If Connecticut’s Supreme Court finds the prospective nature of last year’s capital punishment repeal unconstitutional, then it should throw “the baby out with the bathwater” and strike down the entire law, a state’s attorney argued Tuesday. 

The Supreme Court heard oral arguments Tuesday morning on a lawsuit challenging the constitutionality of 2012 legislation that took the death penalty off the table as a sentencing option for crimes committed after the law was passed.

Attorney Mark Rademacher argued the case on behalf of Eduardo Santiago, who was sentenced to death after he was convicted of murder-for-hire in 2000. Last year, the Supreme Court overturned Santiago’s initial death sentence and ordered another penalty hearing after the legislature had already repealed capital punishment for future crimes.

Rademacher argued that his client should not be subject to a death sentence after lawmakers had already approved a law stating that life without parole is a sufficient maximum punishment for any crime, no matter how egregious.

Legislators knew when they voted for the law that the Supreme Court would end up examining the provision that made capital punishment sentences still apply to the 11 men already on death row, he said.

“They did not know [if the provision was constitutional] because the only body that can make that determination is this court,” Rademacher told the justices.

But Senior Assistant State’s Attorney Harry Weller argued that the court could not simply reject the provision setting an effective date for the law. He said the Supreme Court either needed to uphold the new law or strike it down entirely. Either way, Santiago would still be subject to the death penalty, he said. 

Weller said that Connecticut’s legislature attempted something novel by incrementally abolishing the death penalty. He said the court’s decision will have an impact in other states considering similar routes.

“Other legislatures are looking at this to determine if they can abolish the death penalty in steps,” he said. “This is a political issue, a quintessentially political issue.”

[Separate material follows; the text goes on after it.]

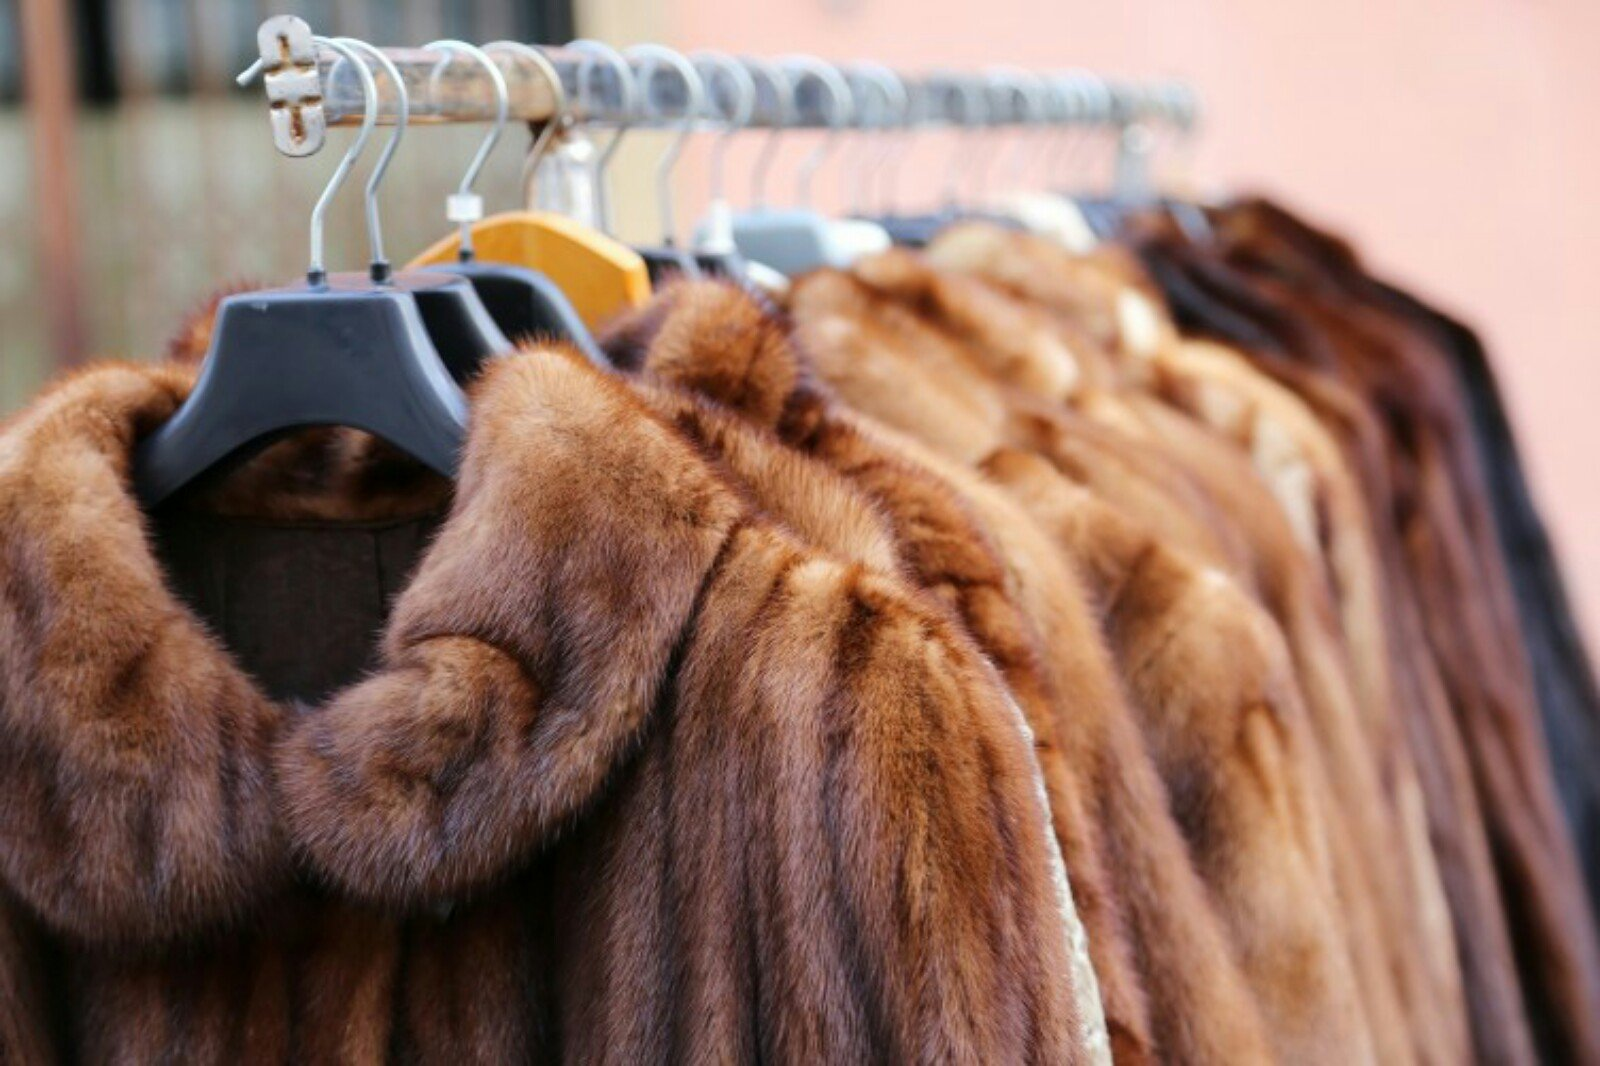 Шоппинг-тур по фабричным магазинам кожи и меха

And should the court choose to reject a prospective repeal and the send the issue back to the legislature, it “will be telling the legislature that we can have either black or white. We can’t have any gray.”

Rademacher disagreed. He told the justices did not think the entire law necessarily needed to be returned to the legislature. He did not argue against the basic premise that people should not be executed. He argued against what he said was an arbitrary distinction based on the day a crime was committed.

“Once the legislature has said ‘No more death penalty,’ we should all agree that we do not make decisions like who lives and who dies based on something as arbitrary as the date of repeal,” he said.

Rademacher likened the practice of subjecting people to death based on the date a crime was committed to imposing death sentences based on the first letter of the offender’s last name.

“The legislature is in the business of deciding whether a group of individuals who commits certain crimes are subject to the death penalty, not deciding whether specific people guilty are certain crimes are subject,” he said.

In their questions, the Supreme Court justices seemed to be looking at the intent of the lawmakers who passed the legislation for guidance.

Lawmakers discussed the fate of the 10 men currently on death often during the debate on the abolition bill. At one point legislators considered adding language which would have required that the repeal be struck down if the court did not uphold their death sentences under the new law.

Sen. Eric Coleman, co-chairman of the Judiciary Committee, said the amendment was unnecessary because their current sentences were permitted under the prospective law.

Justice Richard Palmer asked Rademacher if Coleman’s statements did not establish legislative intent on the issue.

“We do rely on statements of [legislative] sponsors, whether or not we should is another matter, but we almost always do,” Palmer said. “In [Coleman’s view] that was the intent of the law.”

Weller agreed, saying the legislature never would have passed the bill without the prospective clause and there was no mechanism for severing one part of the bill from the other.